而陸遙接下來的舉動,卻讓崔友福有些後悔沒攔住楚煜,且今天來草率了。
陸大教授哪裏有工夫跟一個小毛孩閑磕牙。
見崔友福也無所作為,人家的騷操作就是——
直接拿出手機:
“嚴校長,不好意思打擾了。”
“我知道你在開會。”
“噢,在回來的路上了是吧?那我去你辦公室等你?”
“哦,你過我這裏來是吧,也行。”
“是這麼個事,校紀委員會的人在我這裏,說我跟女學生有染,還不止一個。你回來處理一下吧。

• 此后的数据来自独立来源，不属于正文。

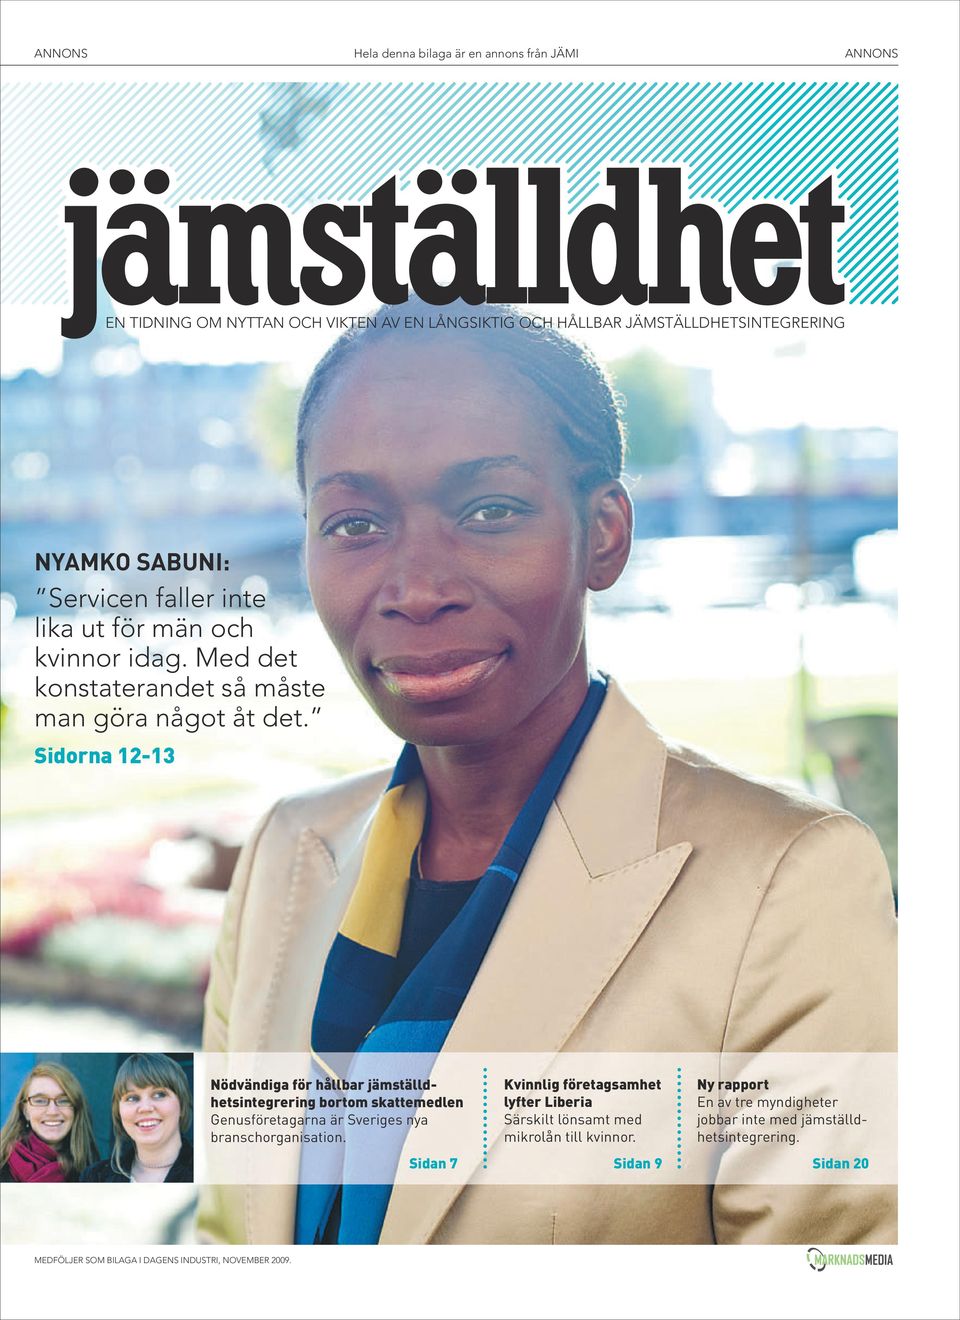 Sidorna 12-13 Nödvändiga för hållbar jämställdhetsintegrering bortom skattemedlen Genusföretagarna är Sveriges nya branschorganisation.

”
隨著陸遙結束通話手機,崔有福和楚煜雙雙……
這電話……
它是裝不出來的。
嚴柯的聲音,楚煜不熟悉,崔友福還是能聽出來的。
雖然陸遙沒開外放,但雙方距離不遠。
最重要的是,嚴校長的語氣,貌似對這位陸教授,言辭間還頗為客氣。
不,不止客氣,甚至還帶著點兒恭敬。
最懵的人是楚煜。
眨巴著一雙鼠目,希翼地看向崔書記。
希望他告訴自己,剛才那電話是假的。
然而——
“叮鈴鈴——”
崔友福的手機在安靜的空氣裡乍然響起。
把他和楚煜都嚇了一跳。
“崔友福,你吃了熊心了,還是吃了豹膽了?京大裝不下你了是吧?”
老崔平時挺剛正不阿一人,從不媚上,這會兒卻被裏麵傳來的怒氣嚇得差點兒把手機掉地上。
而在他旁邊的楚煜,則比剛才聽得可清楚多了。
“你TM給我……”
“嘟嘟……”
“喂?喂,校長。”
崔友福冷汗都下來了,拿過螢幕一看,還斷線了。
趕緊回撥,手指頭都有些不聽使喚。
好不容易撥了回去——
“對不起,您所撥打的電話正在通話中。”
……
老崔和楚煜在沙發上,兩臉懵逼,如坐針氈。
反觀陸遙,已經返回辦公桌前,繼續他之前的工作了……
不是——
您這……
禮貌嗎?
合適嗎?
那個……
咱還能再打個商量嗎?
*
立冬前一天,下了場初雪。
立冬後,天氣又開始返暖。
冬日的暖陽微醺。
剛參加完一場學術會議的帝京大學校長嚴柯,坐在開著暖氣的私人座駕中,卻感受不到一絲暖意。
接完陸遙的電話,他七竅生煙。
把崔友福放到這個位置,就是看中他剛正不阿、六親不認的性子,有時候連他都敢頂撞。
可,你也不能逮誰咬誰啊?
陸遙!
他要是真爆出了不得的男女緋聞,放到國際上,那就是正治笑話。